Chemotherapy Regimen/Agents.

Authors	Chemotherapy Regimen/Agents
Adem et al. [1]	No chemotherapy was given
Hu et al. [11]	Cyclophosphamide + Doxorubicin
Kim et al. [12]	Adriamycin + Ifosfamide or Etoposide + Ifosfamide (for pediatric patients) followed by Paclitaxel or Adriamycin + Cyclophosphamide
Kuba et al. [13]	Gemcitabine + Docetaxel (one case explicitly mentioned; other regimens not specified)
McClelland et al. [15]	Not reported
Merino et al. [10]	Not reported
Nascimento et al. [16]	Not reported
Shet et al. [17]	No chemotherapy was given
Tian et al. [18]	Doxorubicin + Ifosfamide + Dacarvazine +/− Mesna or Taxane with Gemcitabine/Doxorubicin
Wang et al. [19]	Not reported
Masai et al. [14]	Adriamycin + Ifosfamide + Dacarbazine + modified Mesna

Open in a new tab

3.3. Risk of Bias

Based on the Newcastle–Ottawa Scale assessment detailed in Table 5, the overall risk of bias across the included studies was low to moderate. The majority of studies (9 out of 11) received a high-quality score of 8 or 9 stars, indicating sound methodological quality in the domains of selection, comparability, and outcome. Two studies, by Kuba et al. [13] and Shet et al. [17], achieved the maximum score of 9 stars, primarily due to superior control for confounding factors in the comparability domain. A single study, Merino et al. [10], received a slightly lower score of 7 stars, as it was marked down in the ‘Representativeness of the Exposed Cohort’ category, suggesting the study sample may not have been fully representative of the average PAB patient. Consequently, the body of evidence synthesized in this meta-analysis can be considered robust, with minimal concern that the overall conclusions are substantially compromised by systematic bias within the primary studies.

Table 5.

Risk of Bias/Quality Assessment.

Authors	Representativeness of the Exposed Cohort (0–1)	Selection of the Non-Exposed Cohort (0–1)	Ascertainment of Exposure (0–1)	Demonstration That Outcome of Interest Was Not Present at Start of Study (0–1)	Comparability of Cohorts on the Basis of the Design or Analysis (0–2)	Assessment of Outcome (0–1)	Was Follow-Up Long Enough for Outcomes to Occur (0–1)	Adequacy of Follow-Up of Cohorts (0–1)	Total Score (0–9)
Tian et al. [18]	1	1	1	1	1	1	1	1	8
Kim et al. [12]	1	1	1	1	1	1	1	1	8
Hu et al. [11]	1	1	1	1	1	1	1	1	8
Kuba et al. [13]	1	1	1	1	2	1	1	1	9
Merino et al. [10]	0	1	1	1	1	1	1	1	7
Nascimento et al. [16]	1	1	1	1	1	1	1	1	8
Adem et al. [1]	1	1	1	1	1	1	1	1	8
Wang et al. [19]	1	1	1	1	1	1	1	1	8
McClelland et al. [15]	1	1	1	1	1	1	1	1	8
Masai et al. [14]	1	1	1	1	1	1	1	1	8
Shet et al. [17]	1	1	1	1	2	1	1	1	9

Open in a new tab

3.4. Results of Individual Studies

3.4.1. OS in Relation to Grading

Six studies [10,11,12,13,16,19] provided sufficient details on overall survival (OS) stratified by tumor grade, making a meta-analysis feasible.

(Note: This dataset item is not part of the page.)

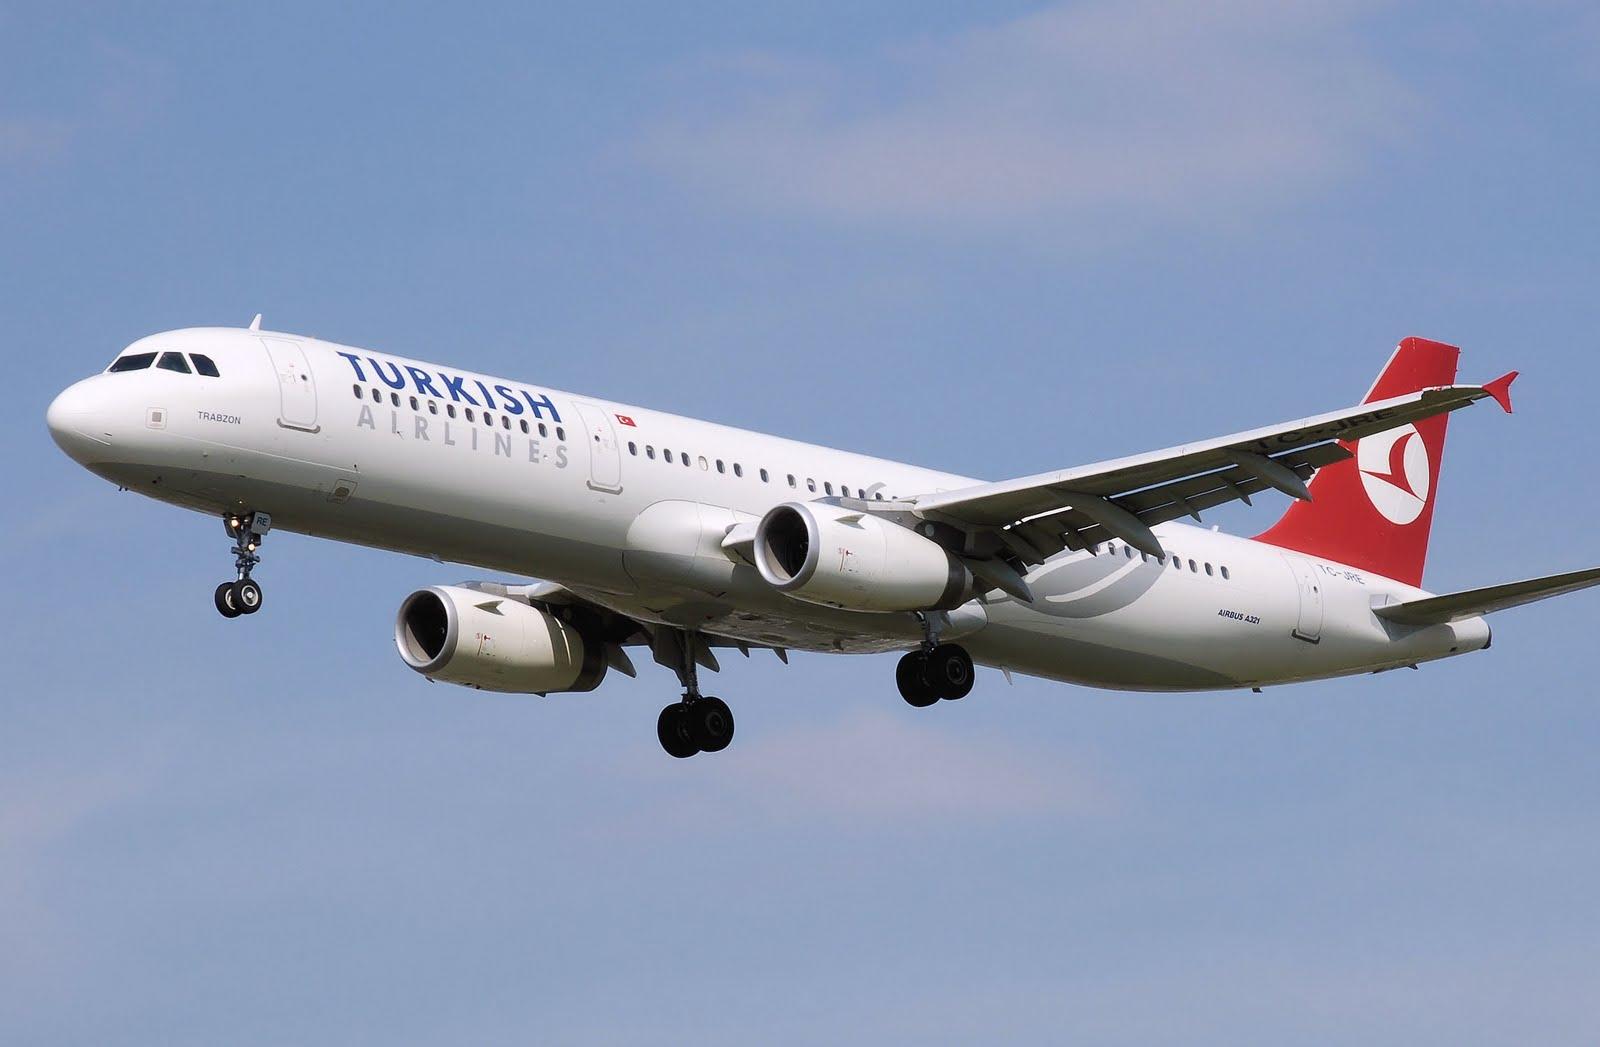 Dünya'nın en çok ülkesine uçan havayolu şirketi türk hava

The results of the meta-analysis are presented in Figure 3. Analysis of the aggregated data, comprising larger pooled populations for grades one to three (n = 66, n = 53, and n = 59, respectively), revealed a statistically significant difference in OS between the groups (p < 0.0001). The median survival times were 91.1 months (95% CI: 70.1 to not reached [inf]) for Grade 1, 88.5 months (95% CI: 60.8–129.0) for Grade 2, and 44.3 months (95% CI: 34.0–61.3) for Grade 3 patients.

Reconstructed Kaplan–Meier curves for the overall survival in relation to the grading, along with the number of patients at risk at each time point.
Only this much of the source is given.